# [What you need to do]
Please reproduce the listing below exactly, leaving out every picture.

# [Supplied material]
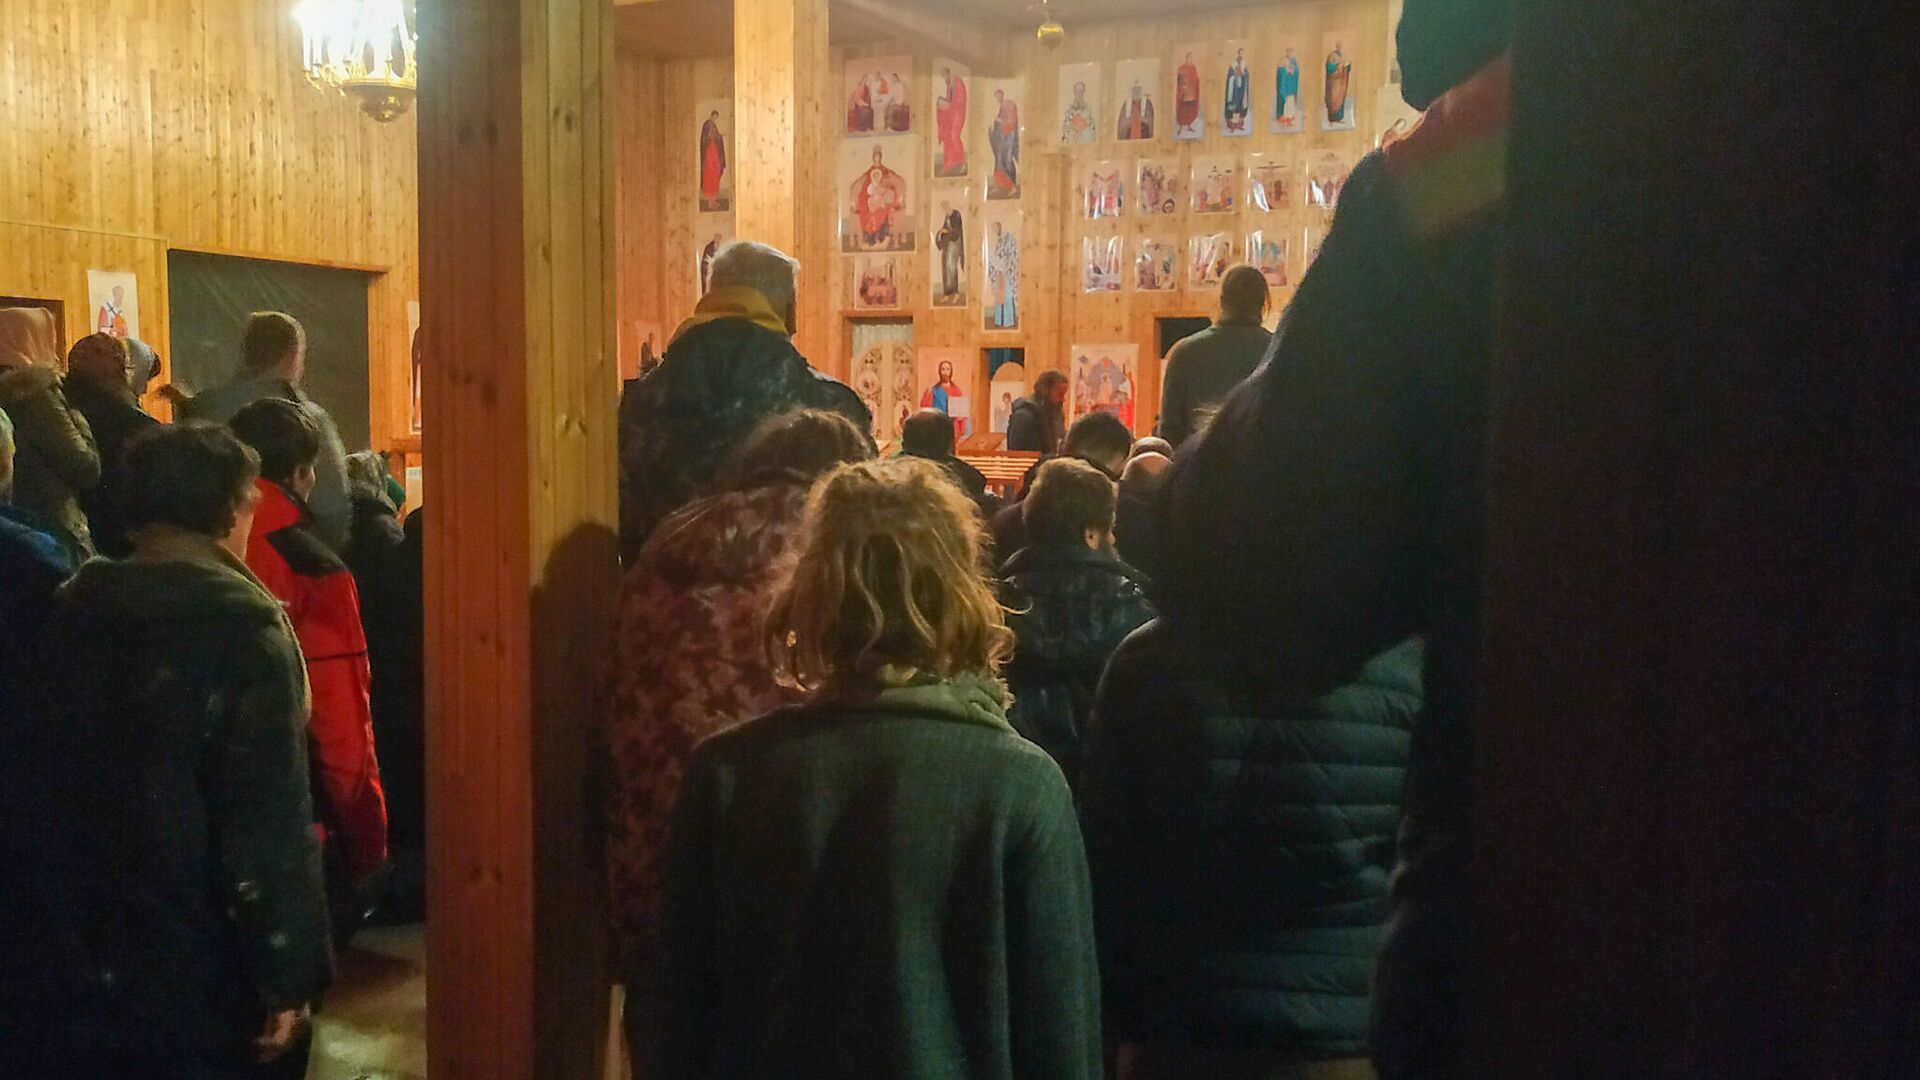 Ночная служба в храме Царя-мученика Николая в Чихачево - РИА Новости, 1920, 03.11.2020
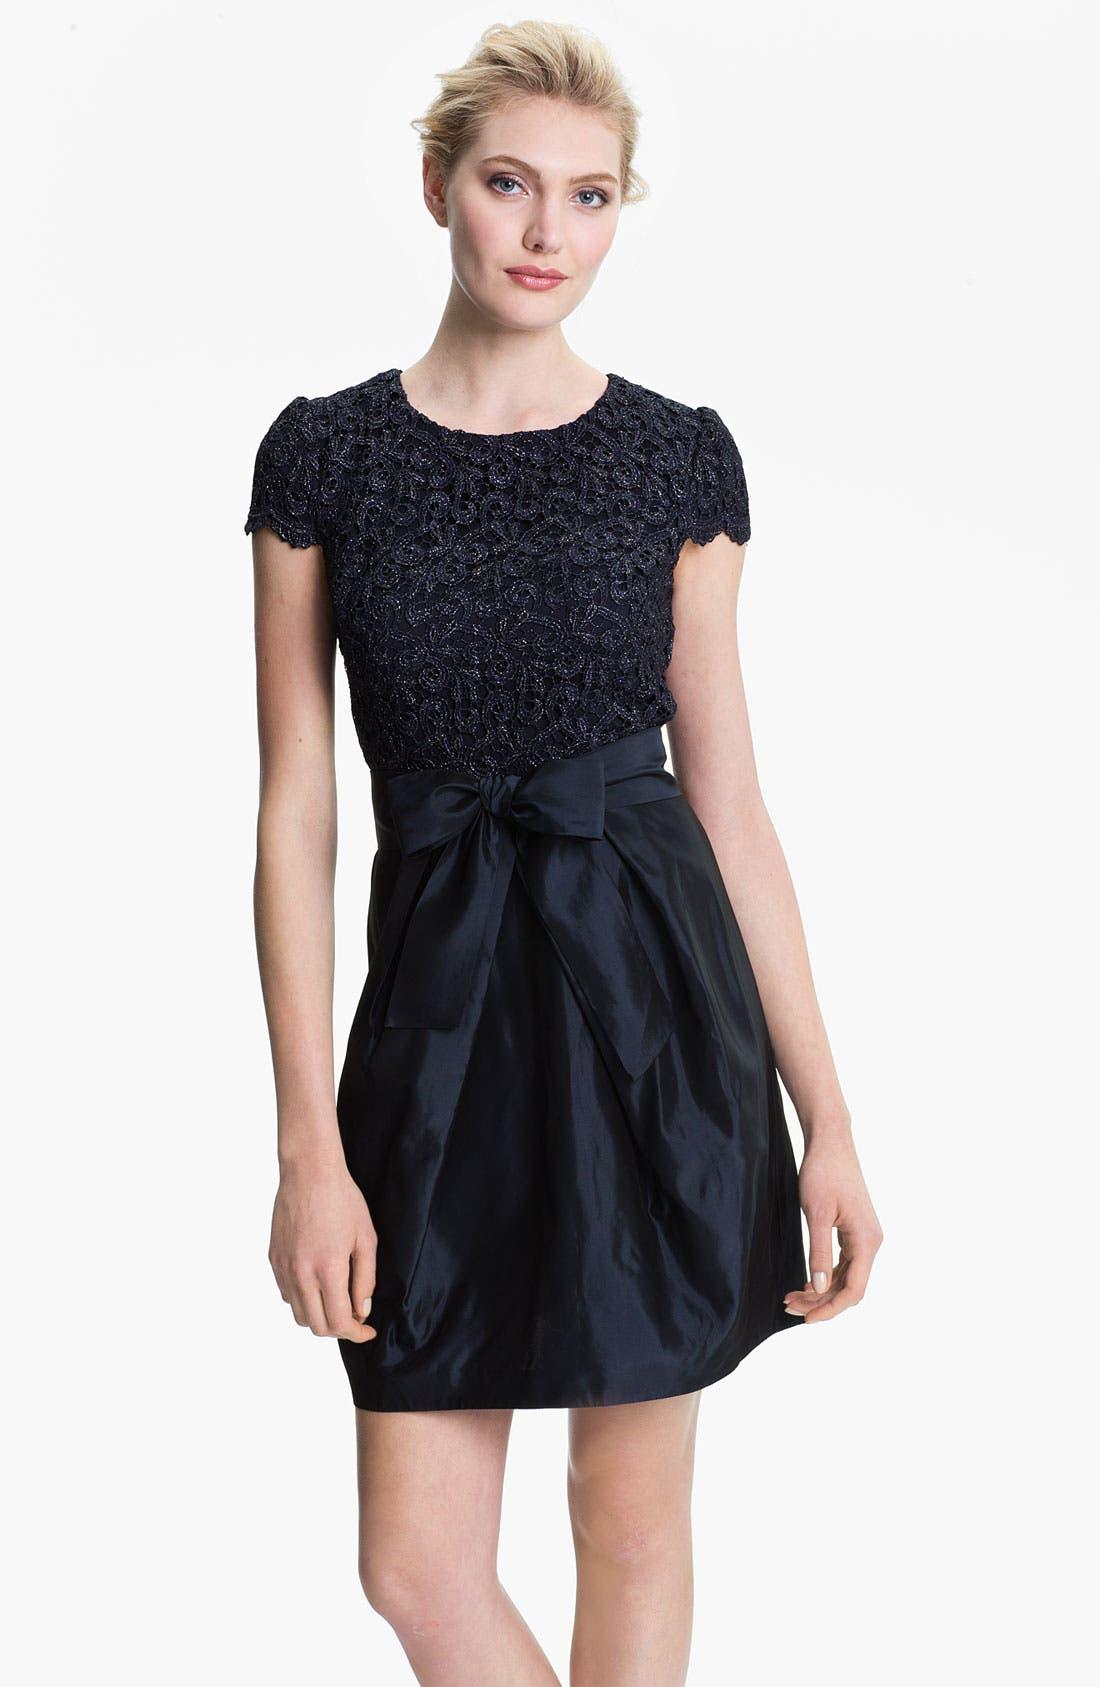 Alternate Image 1 Selected - Suzi Chin for Maggy Boutique Lace & Taffeta Dress
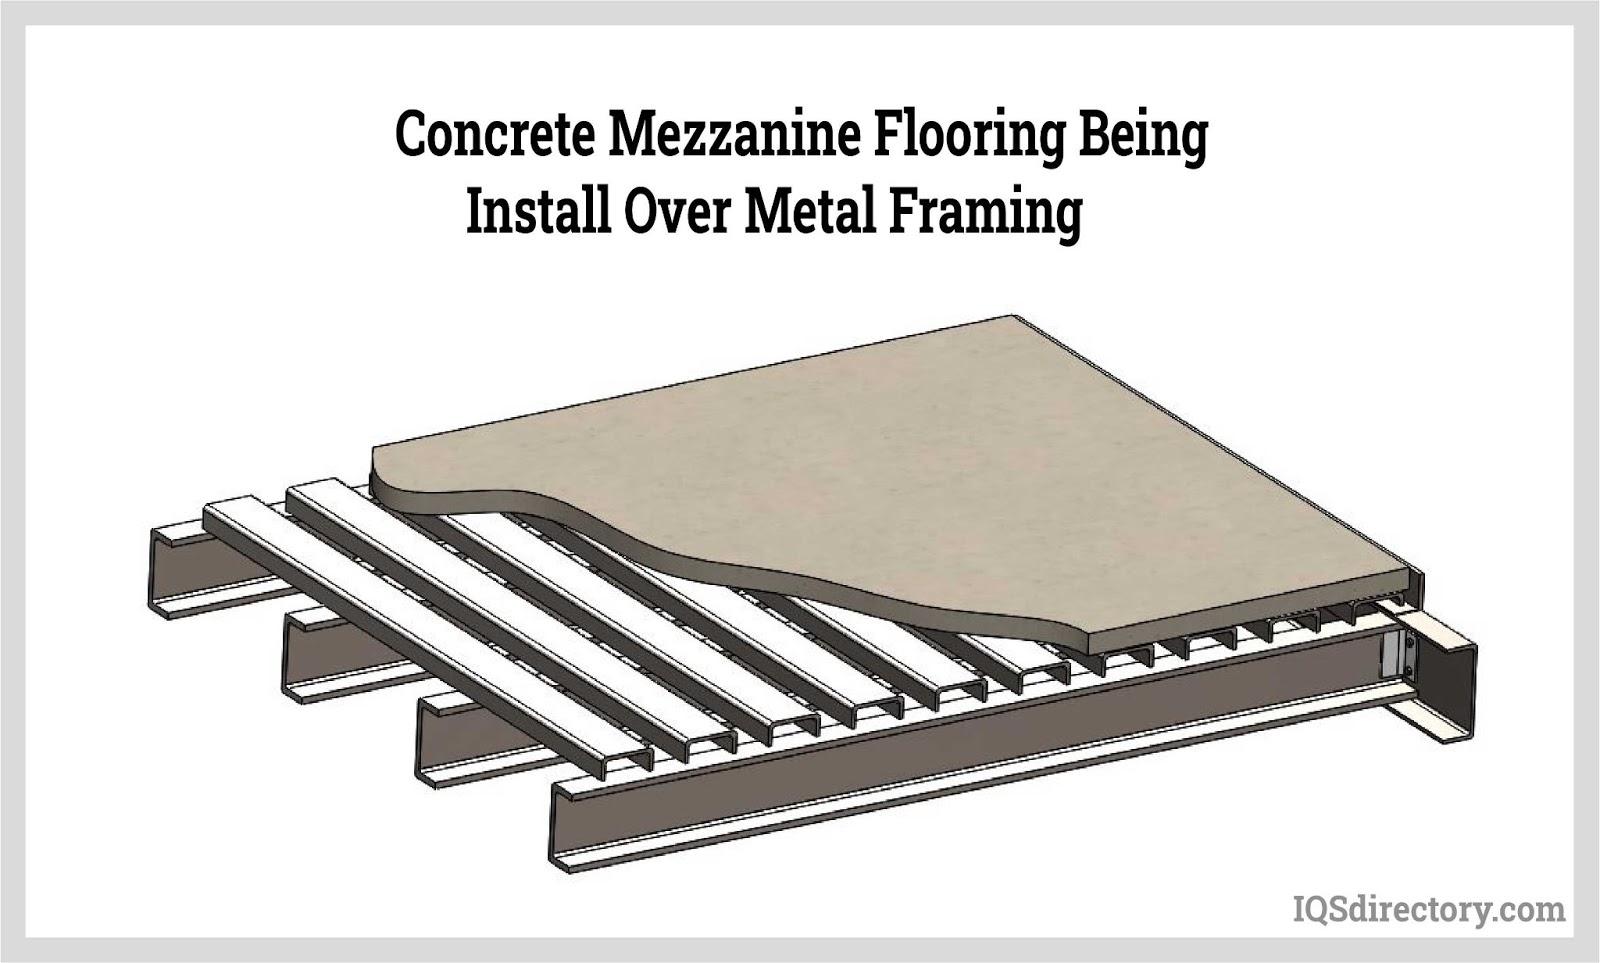 Concrete Mezzanine Flooring Installation Over Metal Framing

# [Task answer]
 Ночная служба в храме Царя-мученика Николая в Чихачево - РИА Новости, 1920, 03.11.2020
 Alternate Image 1 Selected - Suzi Chin for Maggy Boutique Lace & Taffeta Dress
 Concrete Mezzanine Flooring Installation Over Metal Framing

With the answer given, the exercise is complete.